*** Block opens ***

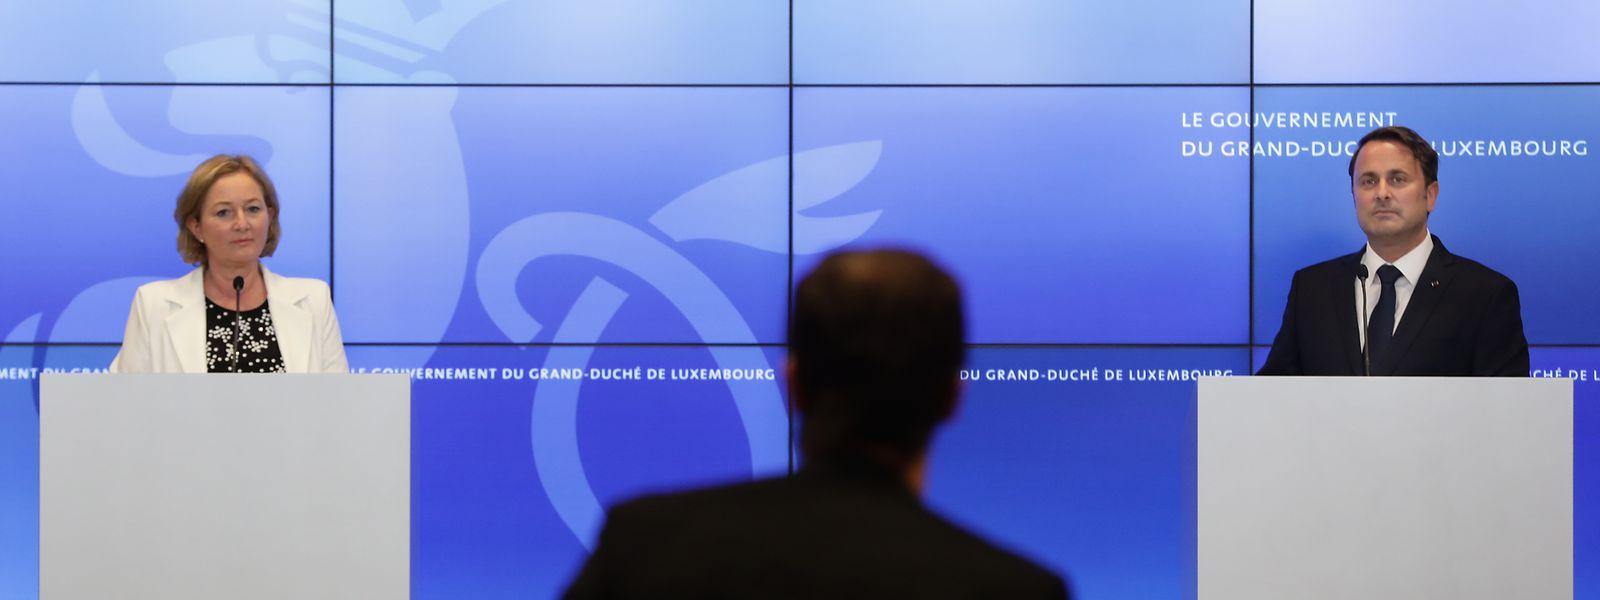 Xavier Bettel und Paulette Lenert traten nach der Ministerratssitzung gemeinsam vor die Öffentlichkeit.
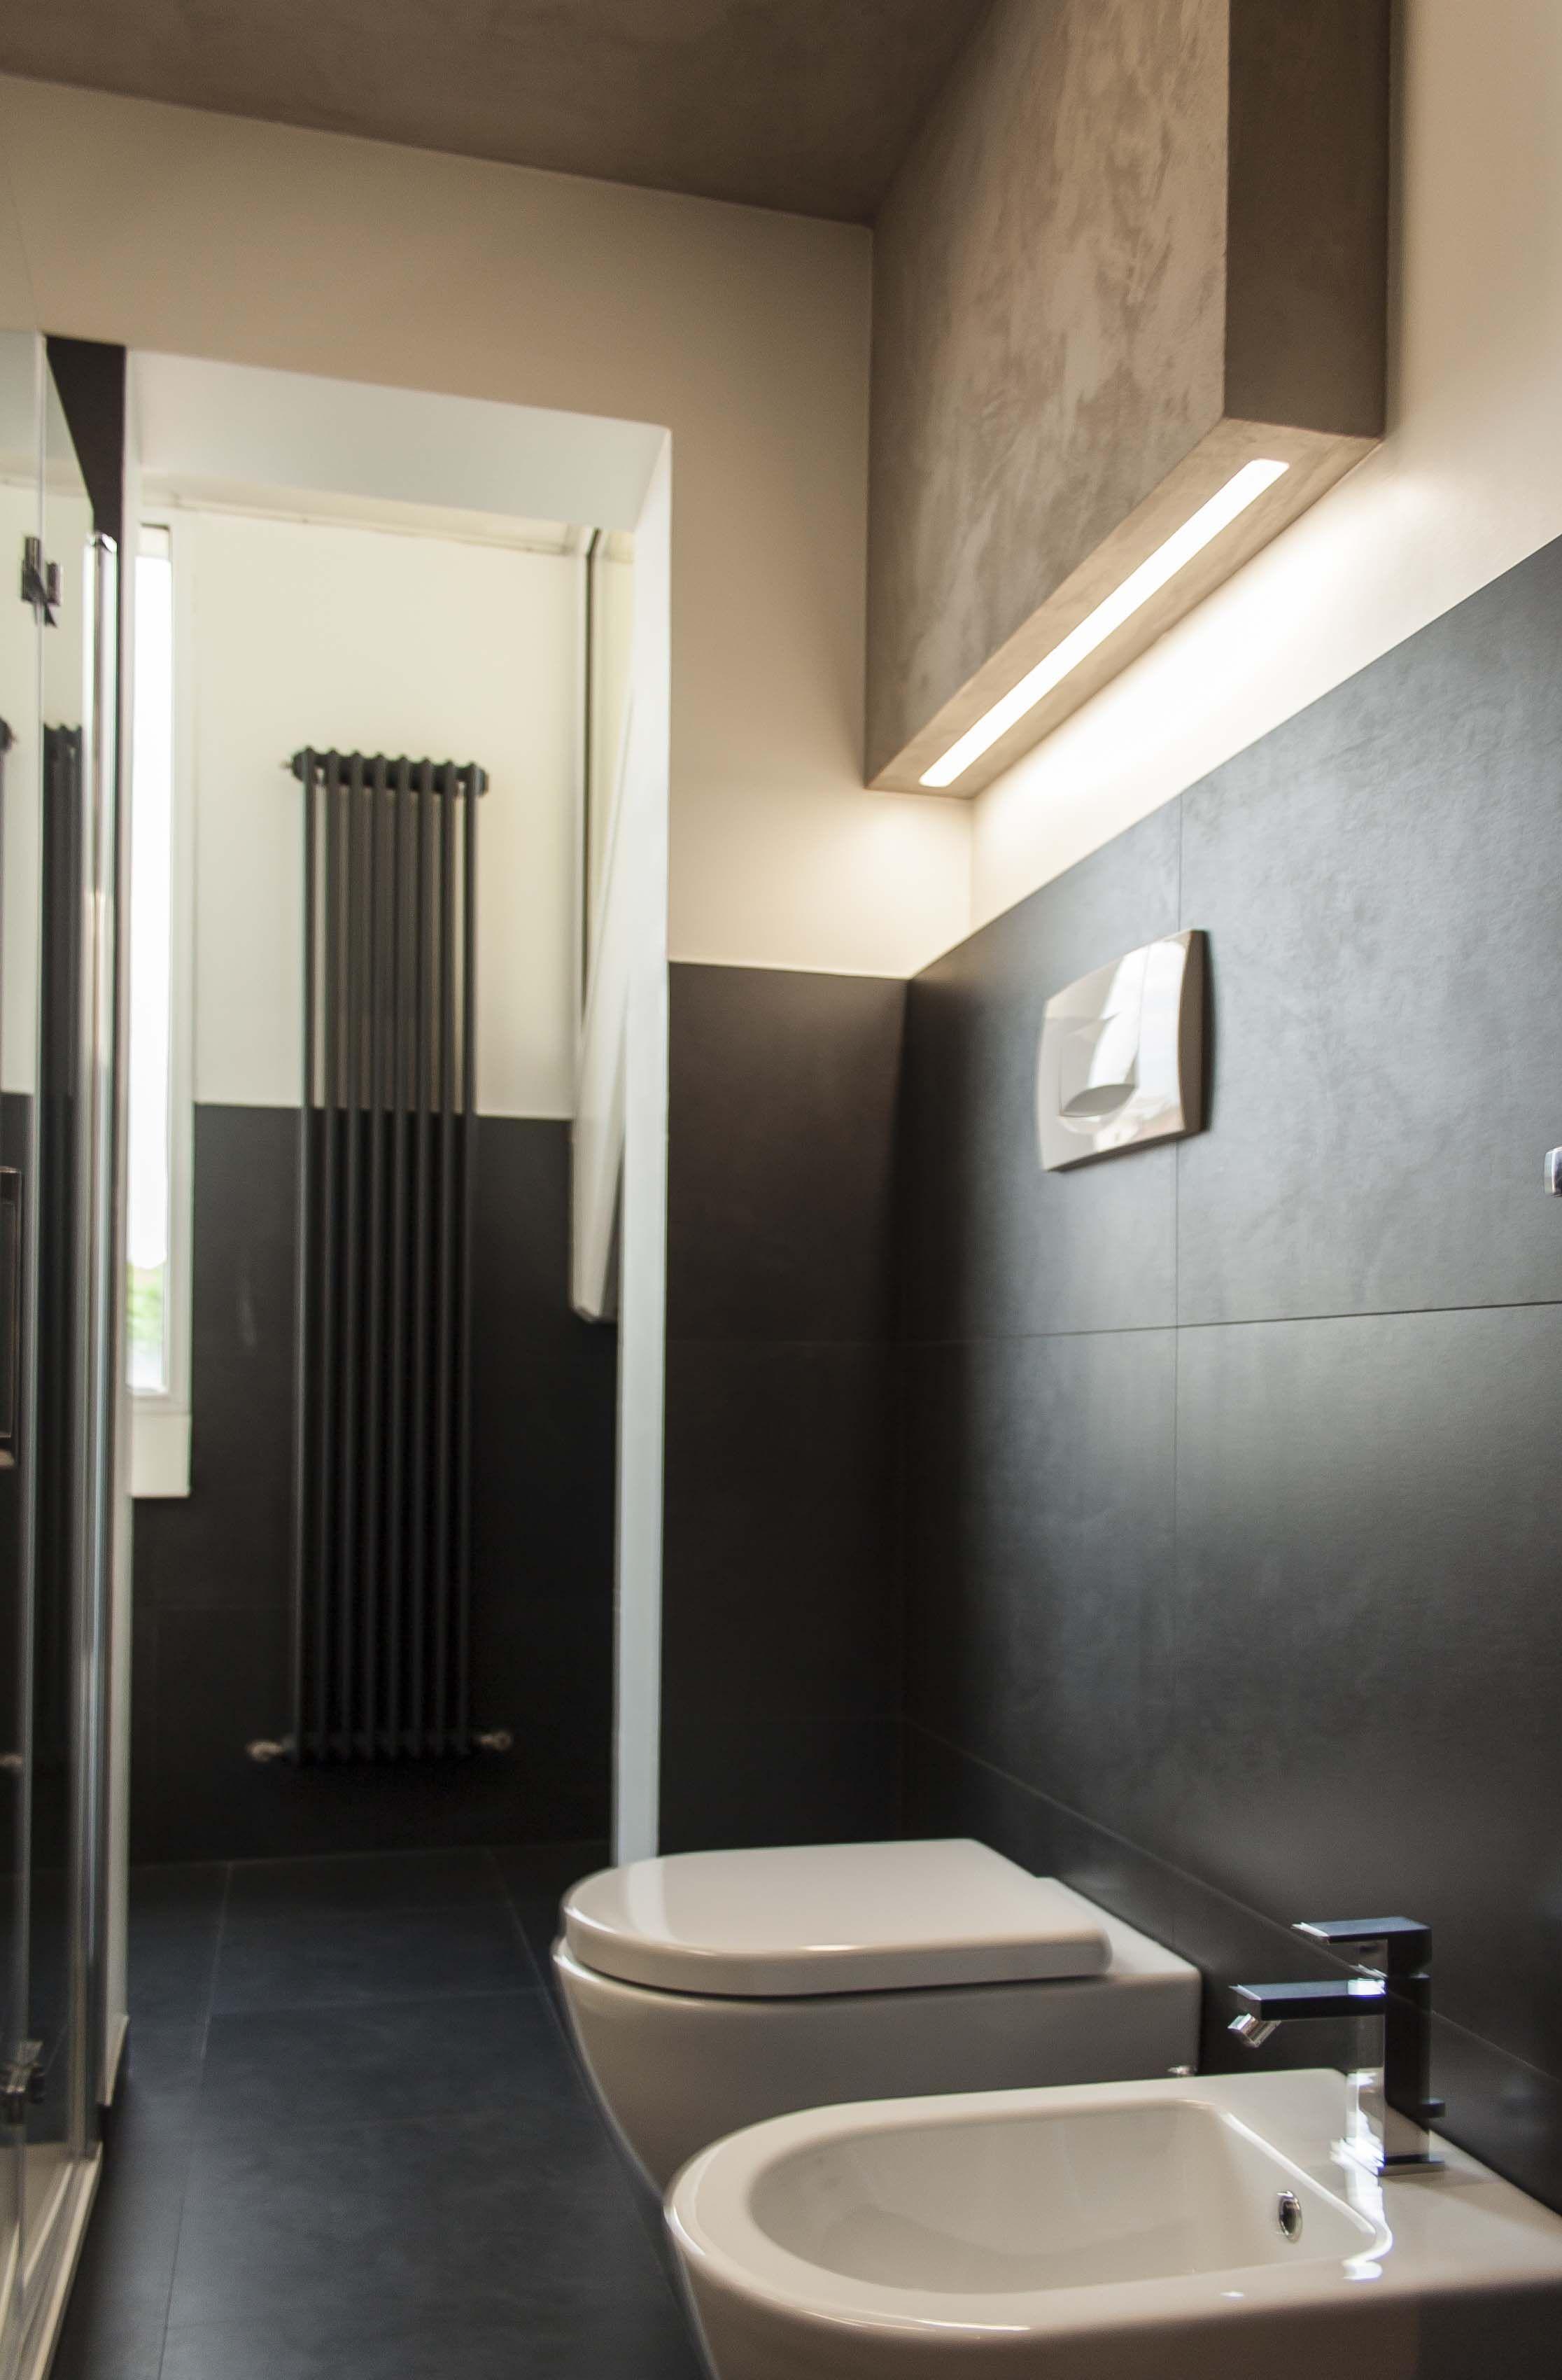 Illuminazione bagno idee bagno pinterest studio and interiors - Illuminazione bagno ...
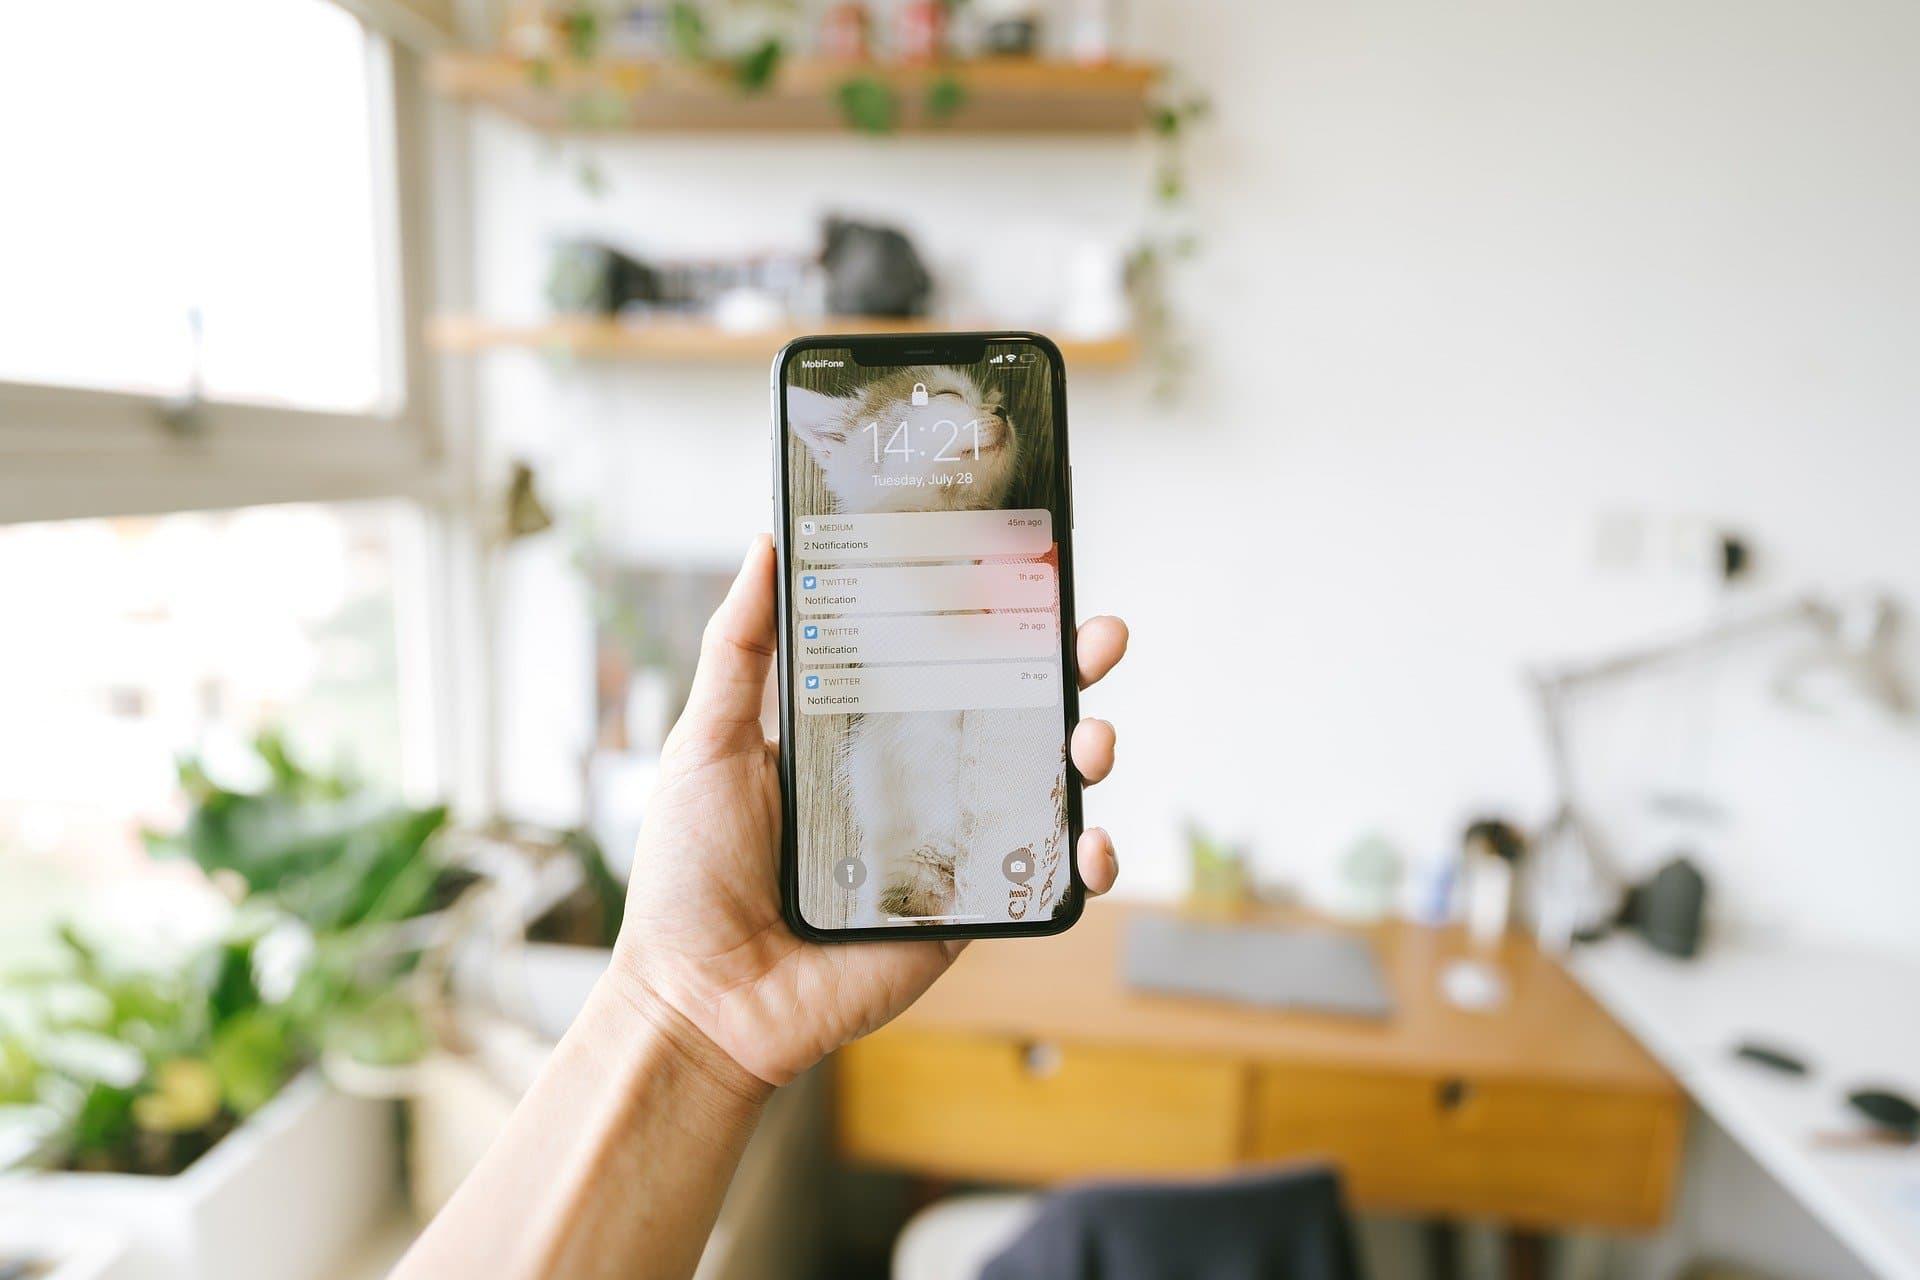 ¿Es malo usar el iPhone mientras se carga?: 6 mitos sobre los smartphones

*** Block closes ***

▶ Directions for this task
Every line above should be printed again word for word, without its pictures.

▶ Answer space
 Xavier Bettel und Paulette Lenert traten nach der Ministerratssitzung gemeinsam vor die Öffentlichkeit.
 Illuminazione bagno idee bagno pinterest studio and interiors - Illuminazione bagno ...
 ¿Es malo usar el iPhone mientras se carga?: 6 mitos sobre los smartphones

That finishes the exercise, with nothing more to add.